Research IT

Making Large Databases Easily Available

Research IT have recently collaborated with Dr. Mabel Sánchez Barrioluengo in the Alliance Manchester Business School (AMBS) to make a large patent information database easily available to researchers in AMBS and across the University.

Dr. Sánchez Barrioluengo is an AMBS Presidential Fellows with an interest in understanding how changes in the nature of work are affecting "Industry 4.0" as well as the changing nature of work and its relationship with innovation. Patents provide a great deal of information about such changes and the PATSTAT database is regarded as a standard in the field of patent intelligence and statistics.

Colleagues in AMBS had purchased the PATSTAT database from the European Patent Office (EPO) in order that it could be used across the School. However, PATSTAT is distributed as a large set of CSV files (over 200GB) and the data is difficult for researchers to use in this format. Research IT were approached to see if they could help to improve the usability of the database.

Theresa Teng and Richard Hoskins from Research IT liaised with the ITS Windows and Virtualization team in ITS, and Dr Sánchez Barrioluengo, to configure a virtual machine to hold a Microsoft SQL Server containing the data from PATSTAT, build the database, import the data and to ensure that the data was regularly backed up, secure and accessible.

There are some great benefits of having a networked database such as the ability to share the information with any other interested researchers across the campus and it is easy to tune and refine the database.
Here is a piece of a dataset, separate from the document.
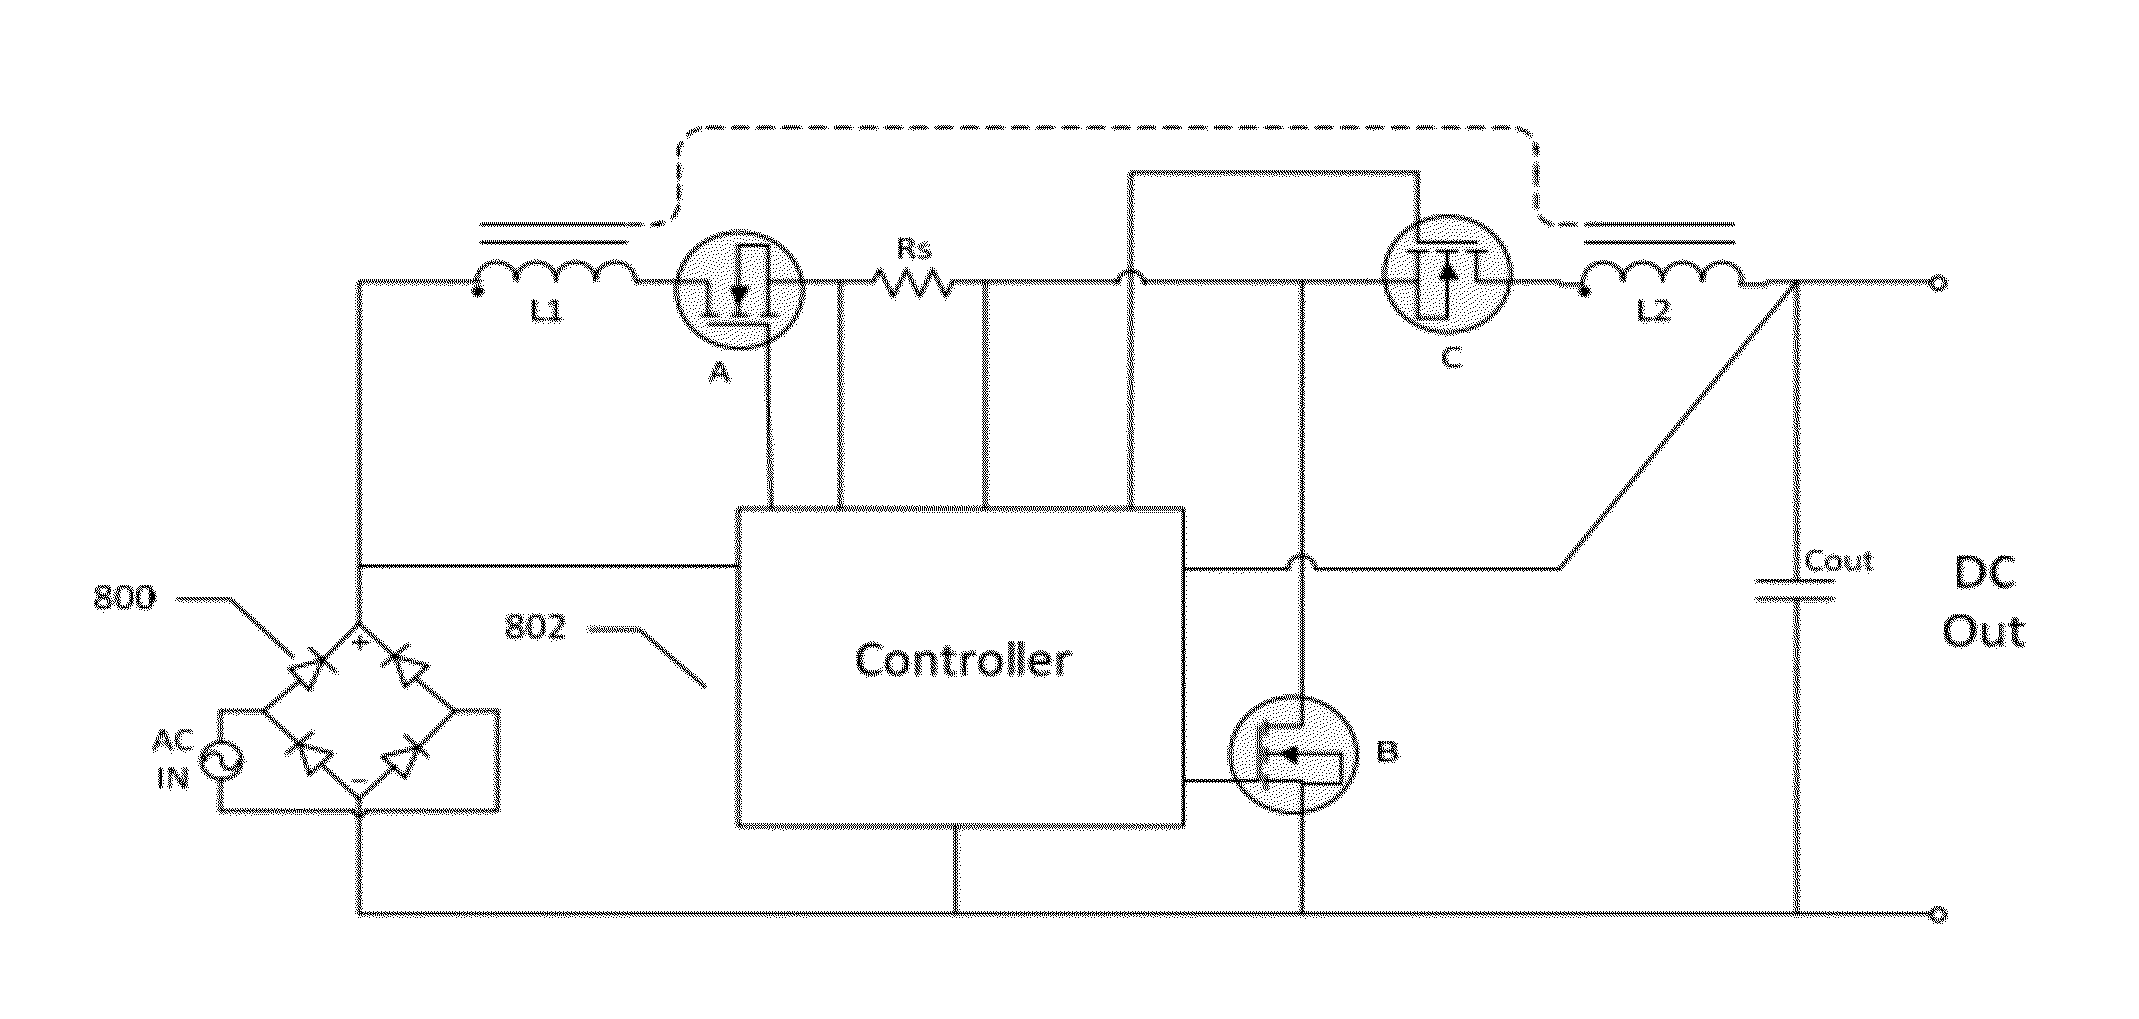 Apparatus and method for efficient dc-to-dc conversion through wide voltage swings
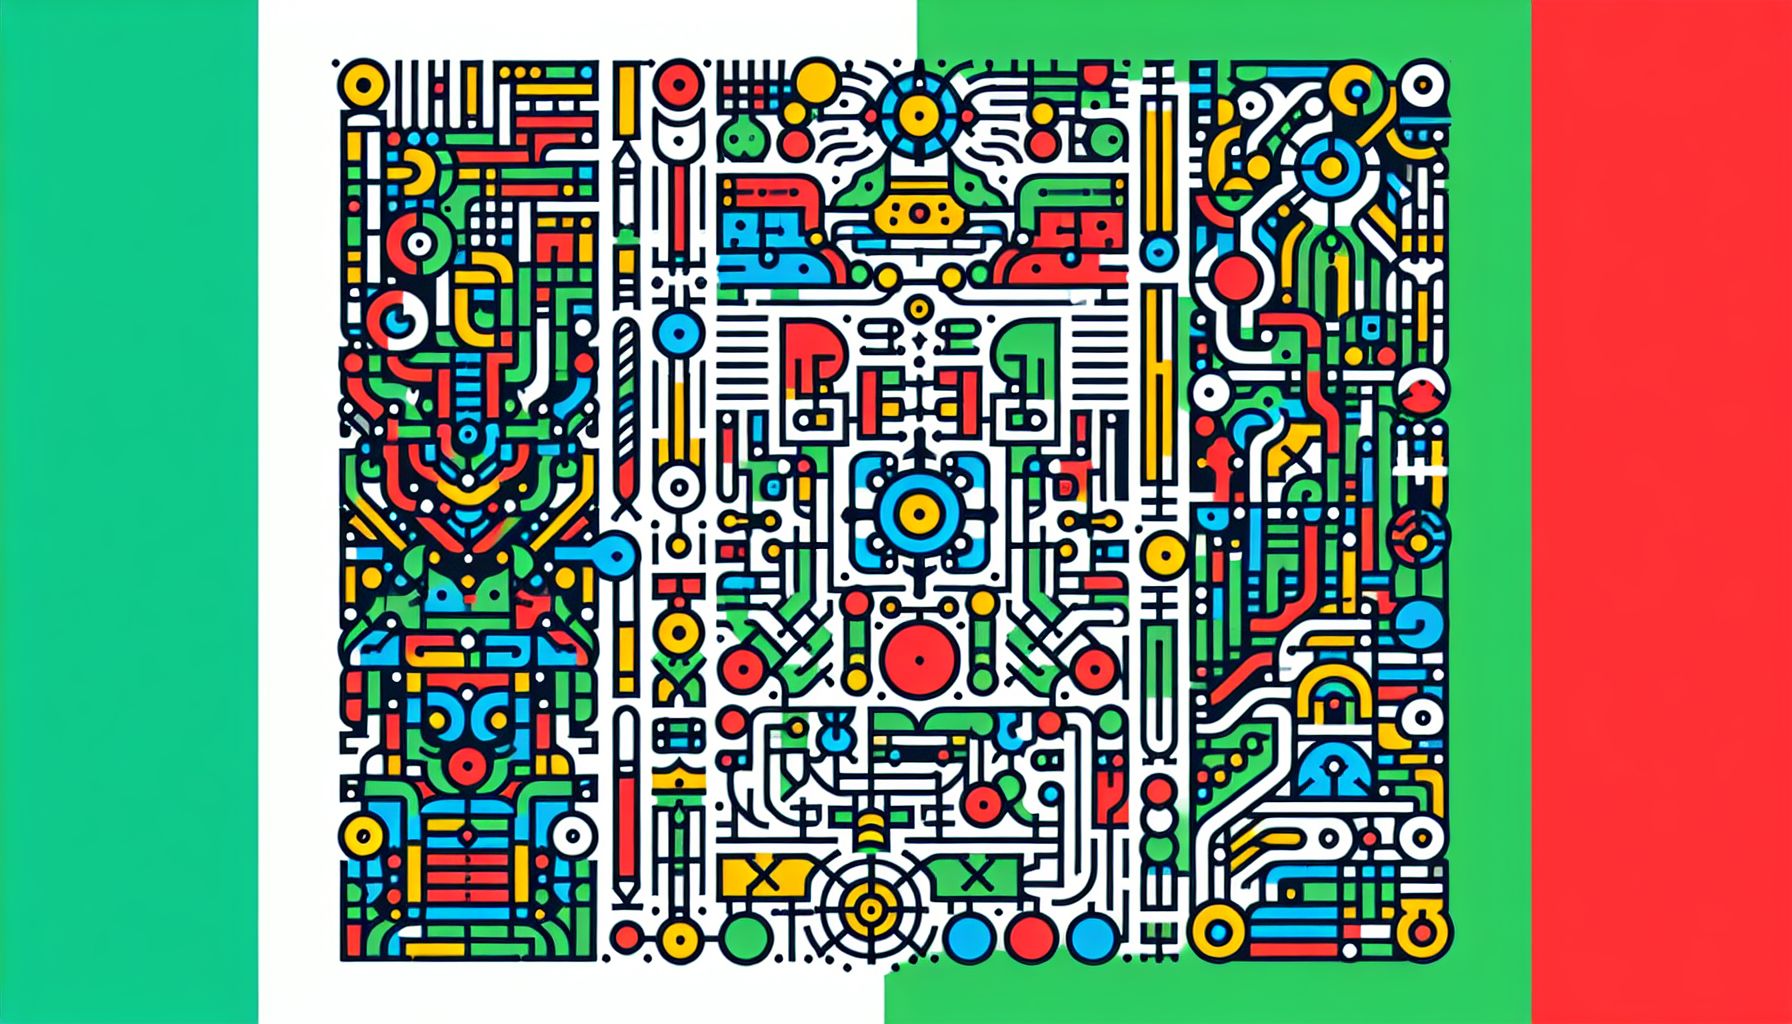 Blueprint in flat illustration style and white background, red #f47574, green #88c7a8, yellow #fcc44b, and blue #645bc8 colors.

For instance the RSEs can build views and indexes in order to improve the ease of data access and the speed of queries. Due to the database being hosted centrally, backups, restores and maintenance are handled using established processes.

Having PATSTAT installed on UoM servers will allow Dr. Sánchez Barrioluengo to easily enlarge the portfolio of her research activities such as linking skills and employment with the innovation capacity of firms under the Digital Economy. It will also allow researchers to carry out sophisticated statistical analyses of bibliographical and legal status patent data, and also to merge other business data sources (WERS , ABS/ABI, BSD or FAME) with PATSTAT.

If you are interested in accessing the PATSTAT database, then please contact Theresa Teng or Richard Hoskins in Research IT. Currently the database service is in a test state, containing only patent titles and metadata up to 2016. However, there may be scope in the future to load full patent abstracts, should sufficient demand exist.